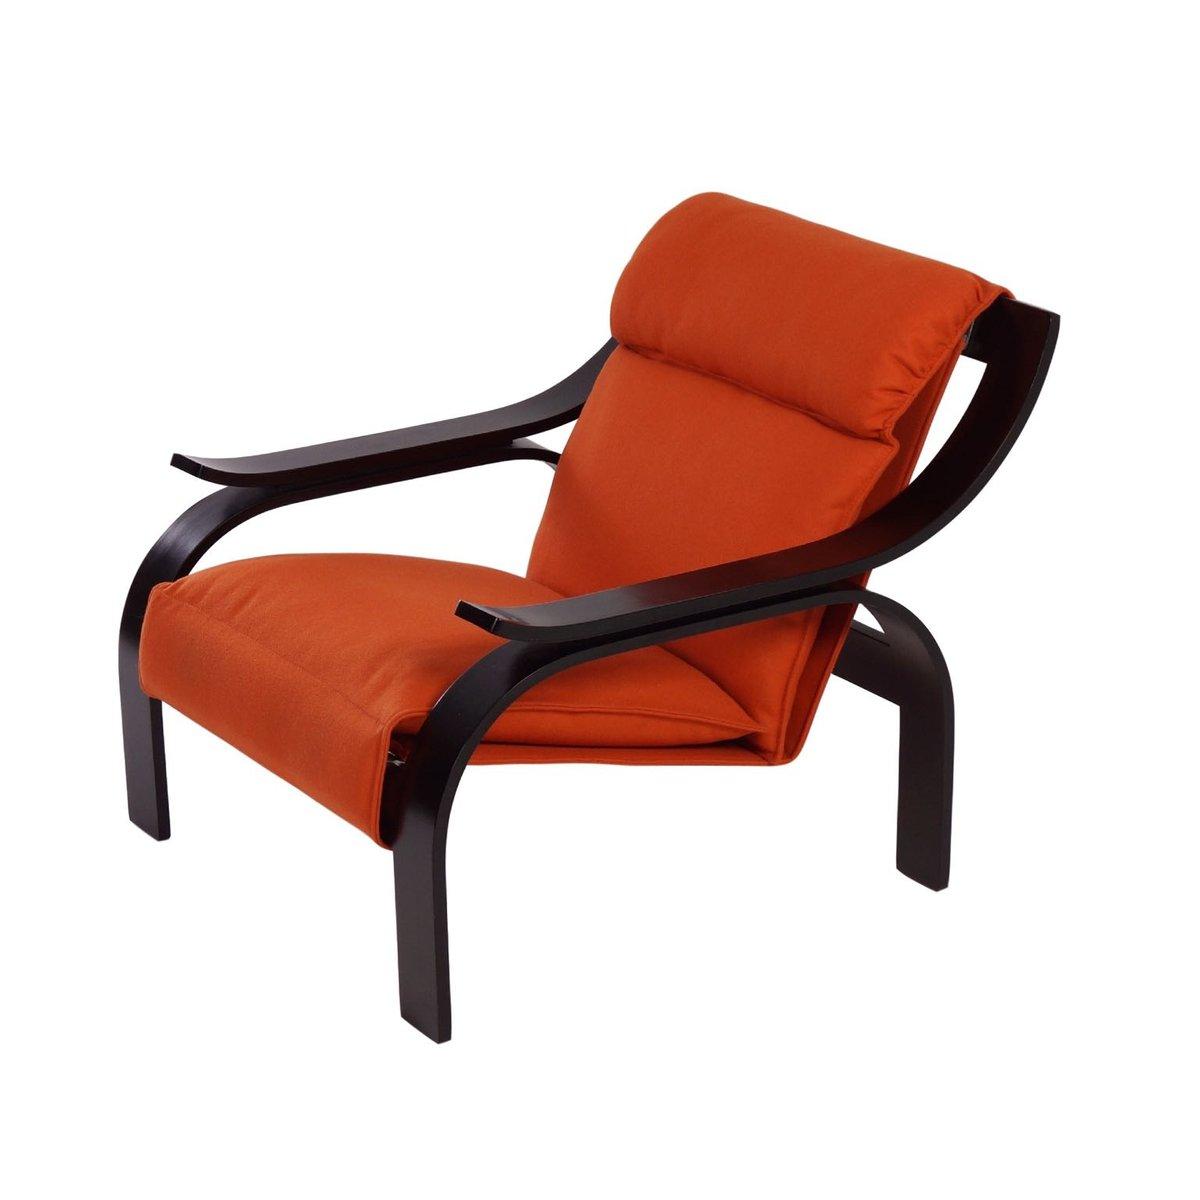 Woodline Armchair By Marco Zanuso For Arflex, 1964
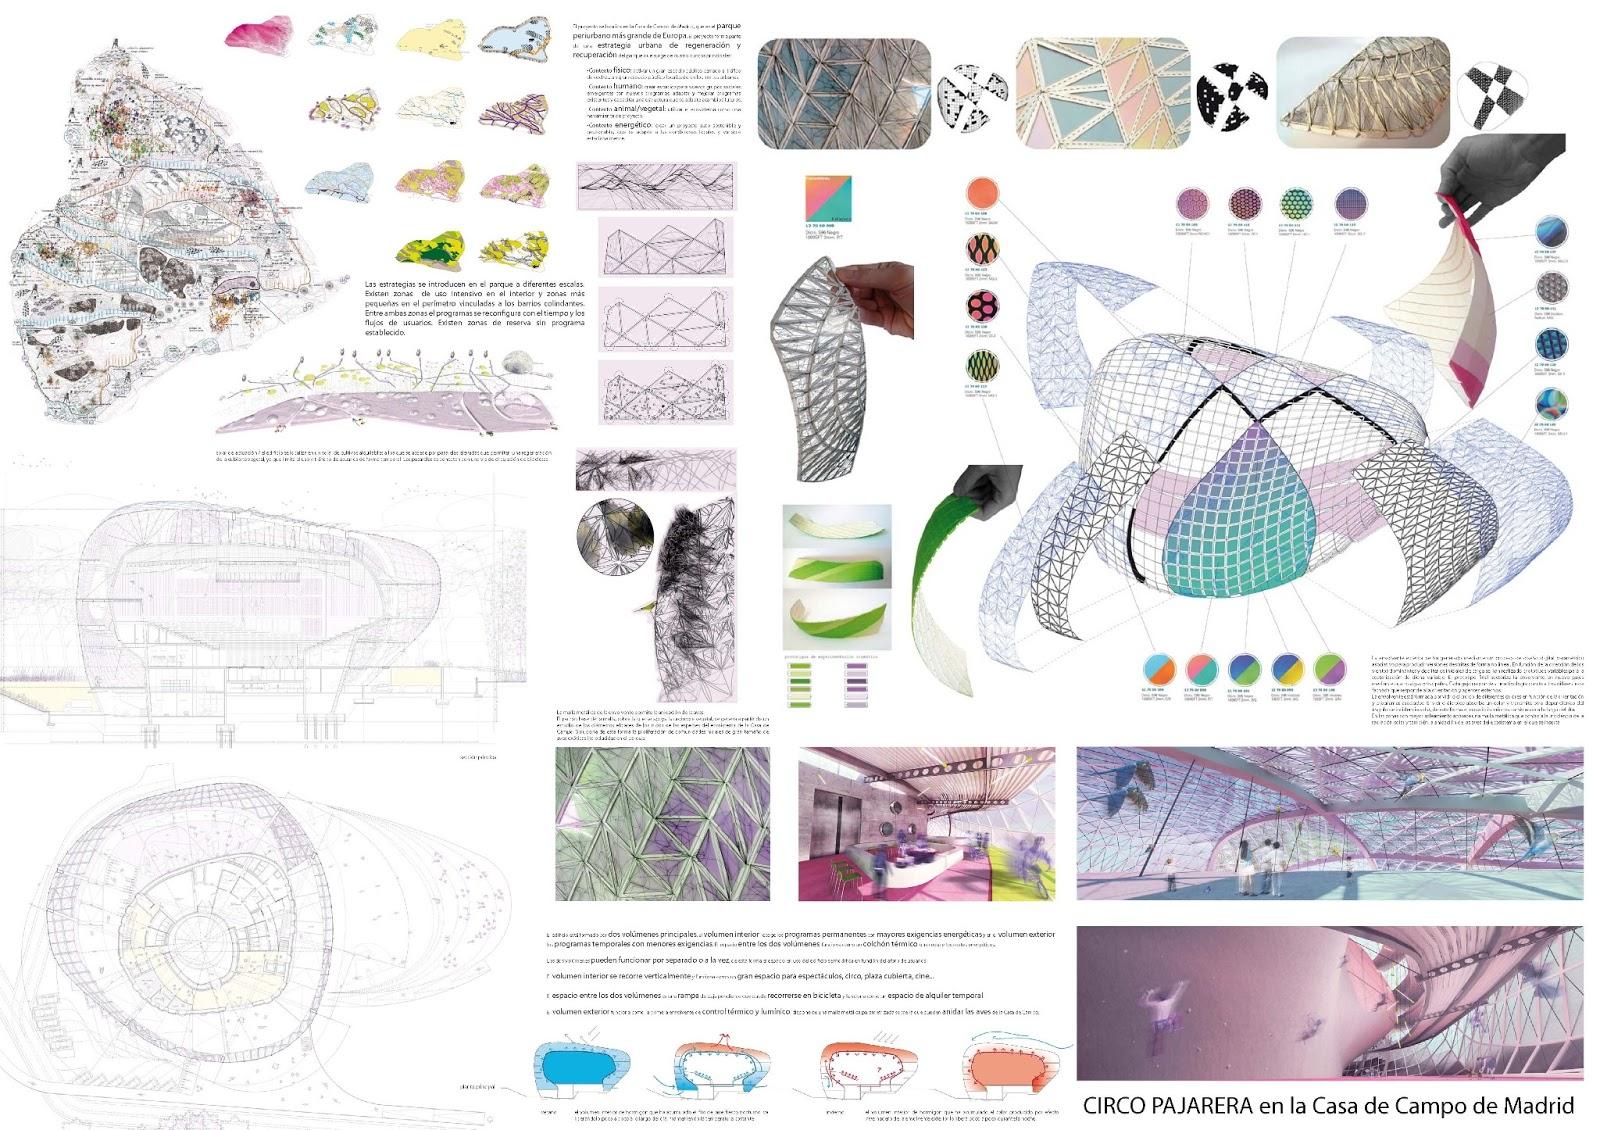 Premio pfc arquitectura 2012 tv arquitectura aib for Universidades de arquitectura en espana
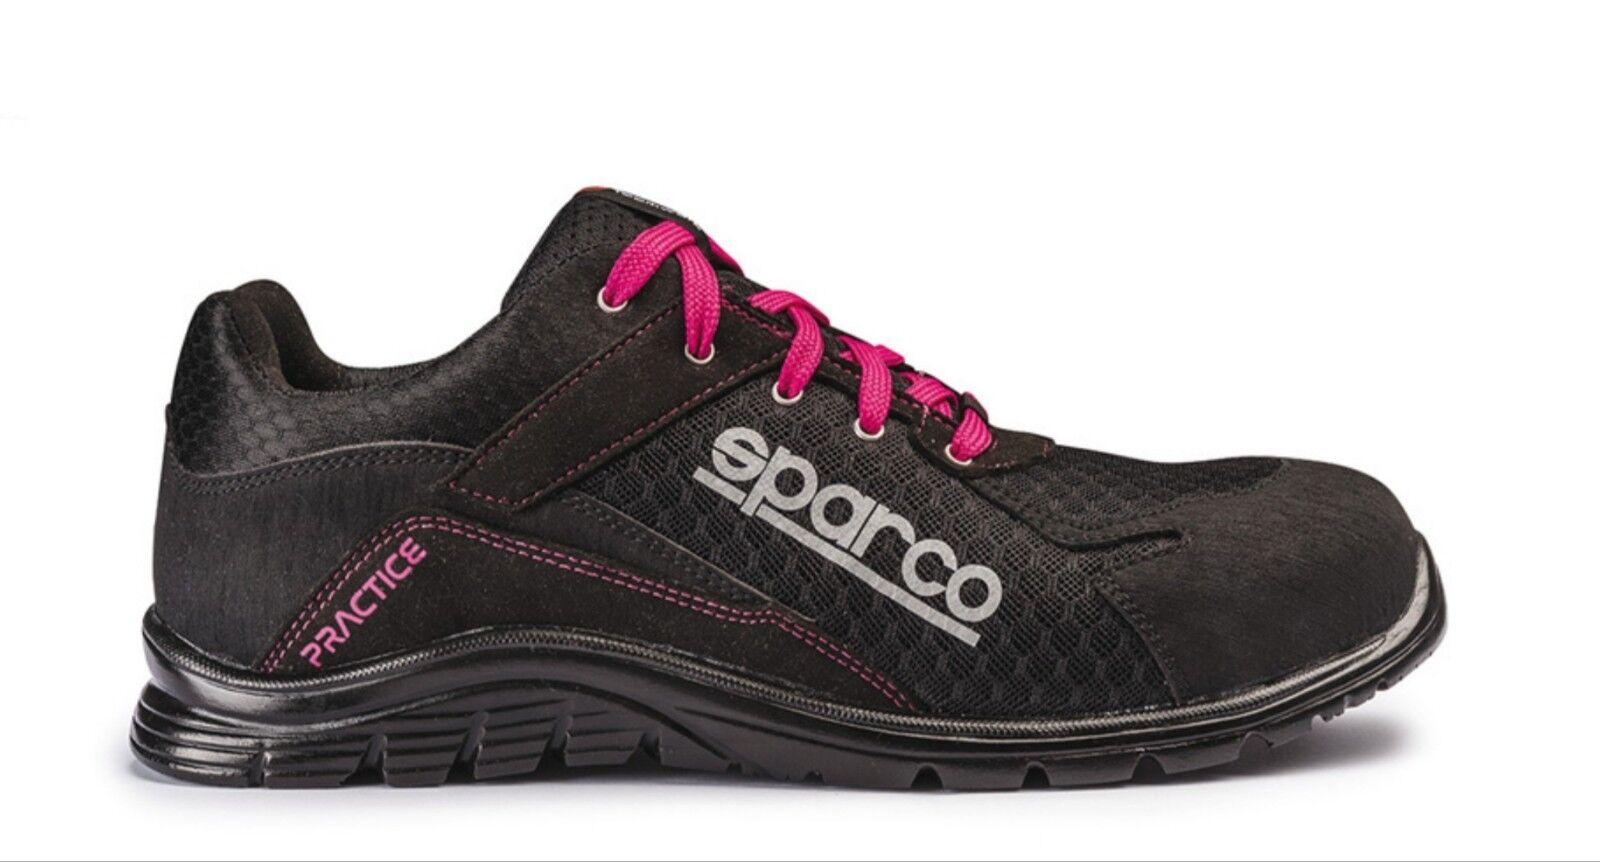 SPARCO PINK PRACTICE S1P Damen Schuh Sicherheitsschuh Arbeitsschuh Damenschuh 36
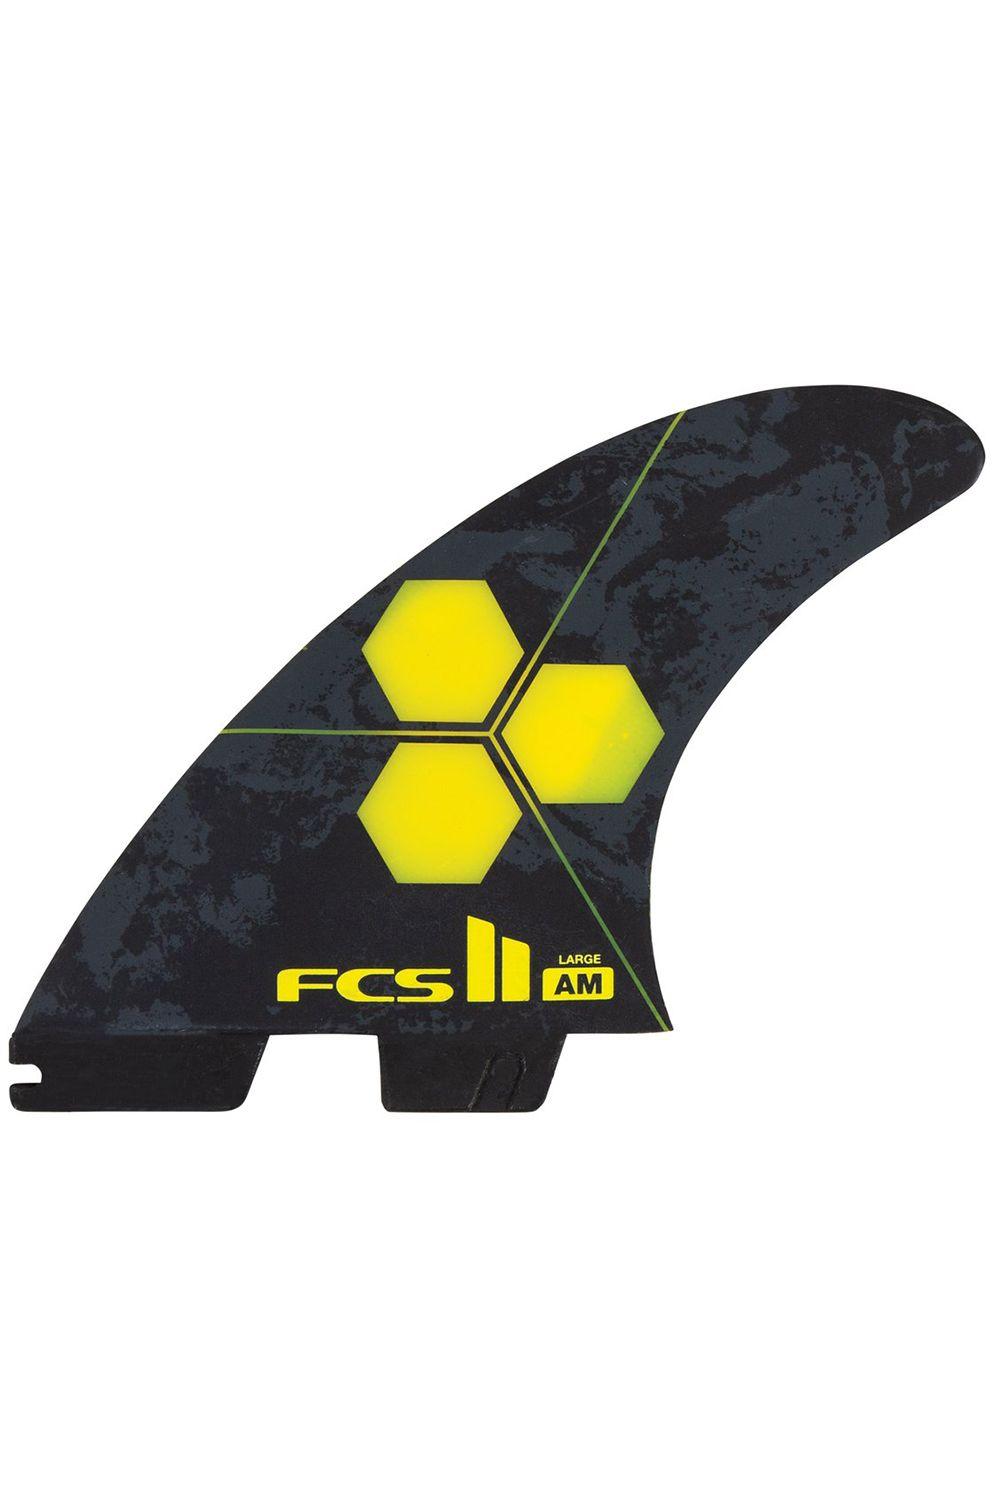 Fcs Fins II AM PC LARGE YELLOW TRI Tri FCS II L

********************

**Work to complete**
The final stretch of the data, from the line with "SPARCO PINK PRACTICE" through its last line, is to be retyped exactly; pictures are not part of the copy.

**Written response**
 SPARCO PINK PRACTICE S1P Damen Schuh Sicherheitsschuh Arbeitsschuh Damenschuh 36
 Fcs Fins II AM PC LARGE YELLOW TRI Tri FCS II L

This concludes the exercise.